Definition

Unter dem Plötzlichen Säuglingstod versteht man definitionsgemäß den plötzlichen und unerwarteten Tod eines Kindes, der sich weder aus der Anamnese noch aus der Obduktion erklären läßt. Die aus dem anglo-amerikanischen Sprachraum stammende Abkürzung "SIDS" für Sudden Infant Death Syndrome hat sich international als Bezeichnung für das beschriebene Phänomen durchgesetzt.
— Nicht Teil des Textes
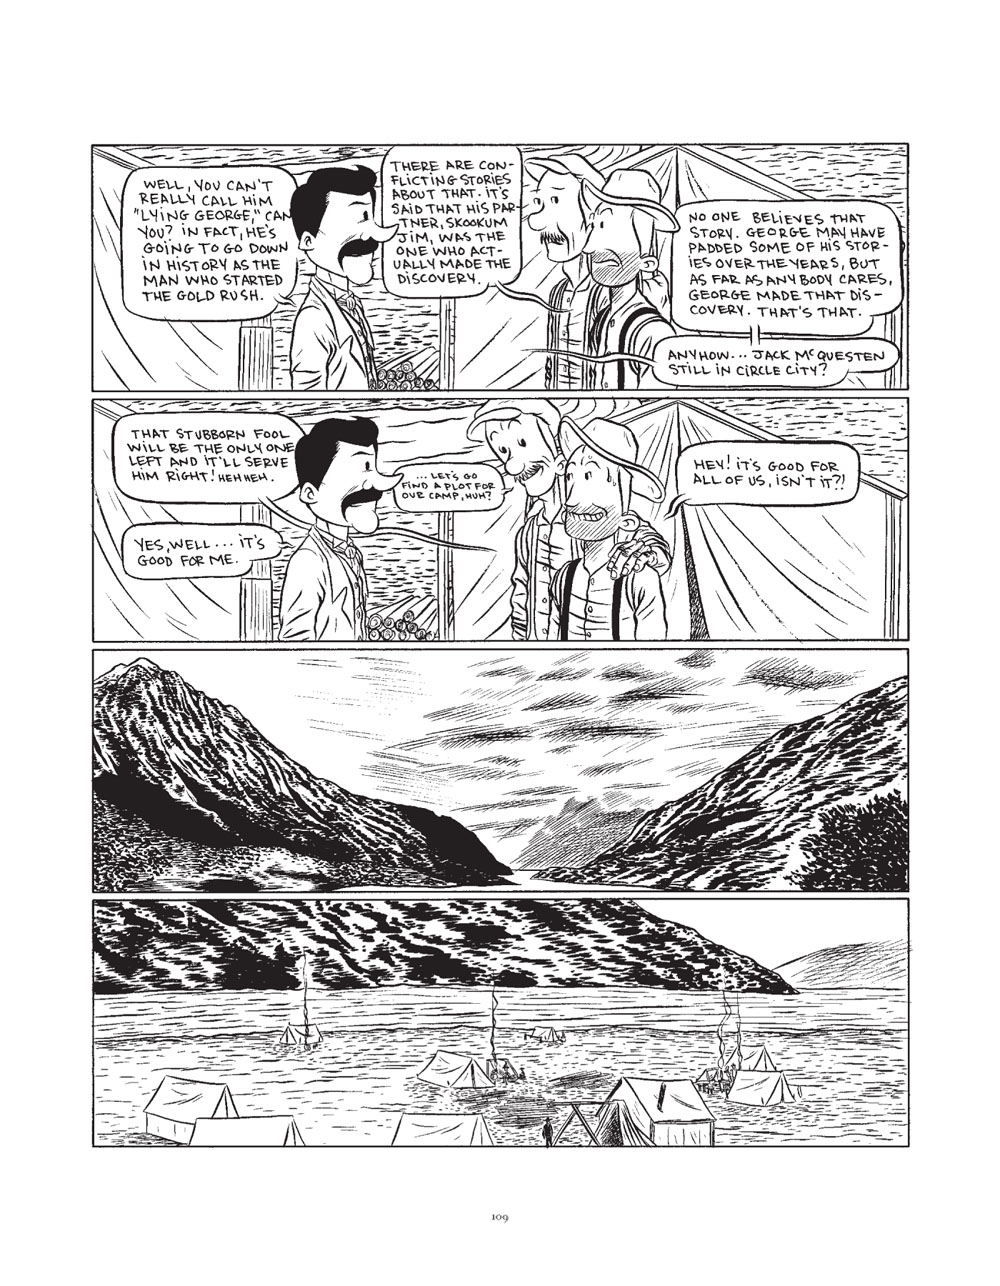 The Klondike Page 109

Gemäß der Definition der zweiten internationalen Konferenz in Seattle im Jahre 1969 [Bergmann 1970] versteht man unter SIDS:

The sudden death of any infant or young child which is unexpected by history, and in which a thorough post-mortem examination fails to demonstrate an adequate cause of death.

Zur Abgrenzung von plötzlichen Todesfällen im höheren Lebensalter wurde diese Definition 1993 auf der 13. Tagung der International Association of Forensic Sciences in Düsseldorf erweitert um den Zusatz:

Sudden death in infancy occurring in close temporal association with sleep and lacking explanation after post-mortem investigation.

Die meisten Autoren beziehen alle SIDS-Fälle im Alter von acht Tagen bis zur Vollendung des ersten Lebensjahres in ihre Untersuchungen ein, wenn auch von einigen Forschergruppen ältere Kinder bis zur Vollendung des zweiten oder dritten Lebensjahres unter dem Begriff SIDS subsumiert werden. Allen Fällen gemeinsam ist jedoch eine leere Anamnese und eine unergiebige Obduktion. Damit wird das SIDS zur Ausschlußdiagnose.


Schlaud M. Epidemiologie des Plötzlichen Kindstods (SID). In: Saternus K-S, Karimow S (eds). Säuglingssterblichkeit, Plötzlicher Kindstod (SID). Lübeck: Schmidt-Römhild; 1998.